For a long time, I didn’t have the words for what I had been through. I just knew that certain moments felt heavier than they should. That I reacted strongly to things other people brushed off. That even in calm, quiet spaces, something inside me was still on edge, still waiting for something to go wrong.


I now understand that I grew up carrying things that were never mine to hold.


I became a mother young. I had my first son, Jakoby, when I was just 18 years old. In so many ways, I grew up with him. We were learning life at the same time; me trying to figure out who I was while also trying to be everything he needed.


And if I’m being honest, there are parts of that I carry with me.


I wish I had been strong enough to heal before I had kids. I wish I had understood myself more, had worked through the pain earlier, had known how to navigate my emotions in a healthier way. That’s a hard truth to sit with. There’s guilt in it. There’s sadness in it.


But there’s also reality.


I can’t change where I started but I can choose where I go from here.

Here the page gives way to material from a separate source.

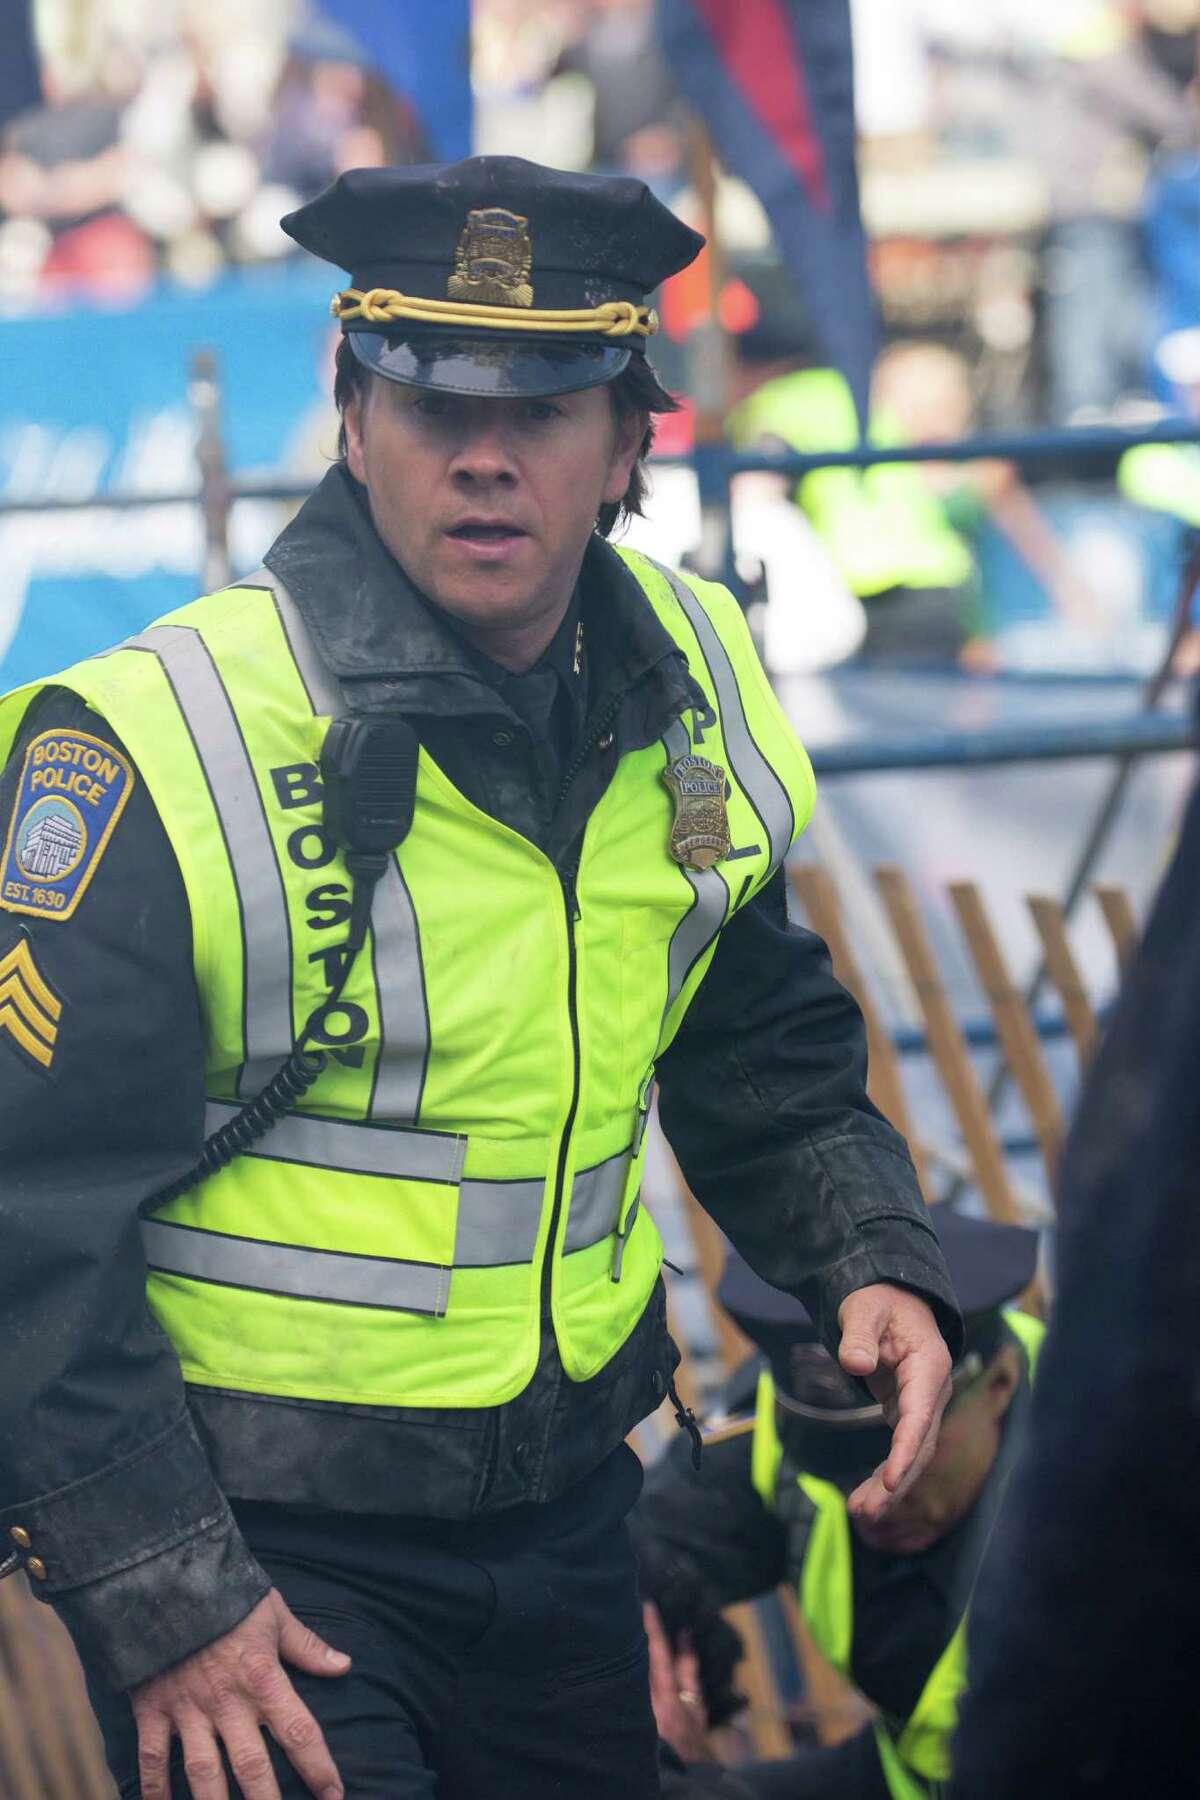 Celeb : Mark Wahlberg Claim to fame: Actor Super Bowl LI team: New England Patriots Source: Fox Sports

Today, I’m a mother to two incredible boys, and my heart has expanded to include a bonus son and a bonus daughter who mean just as much to me. They are my world. And they are one of the biggest reasons I’ve committed to this healing journey.


Because I want something different for them.

I don’t want them to carry what I carried. I don’t want them to question their worth or feel unsafe in their own emotions. I want them to grow up knowing they are loved, heard, and protected.

And that means I have to keep doing the work.

The good days and the hard days.


The days where I feel like I’m breaking cycles, and the days where I feel like I’m falling short.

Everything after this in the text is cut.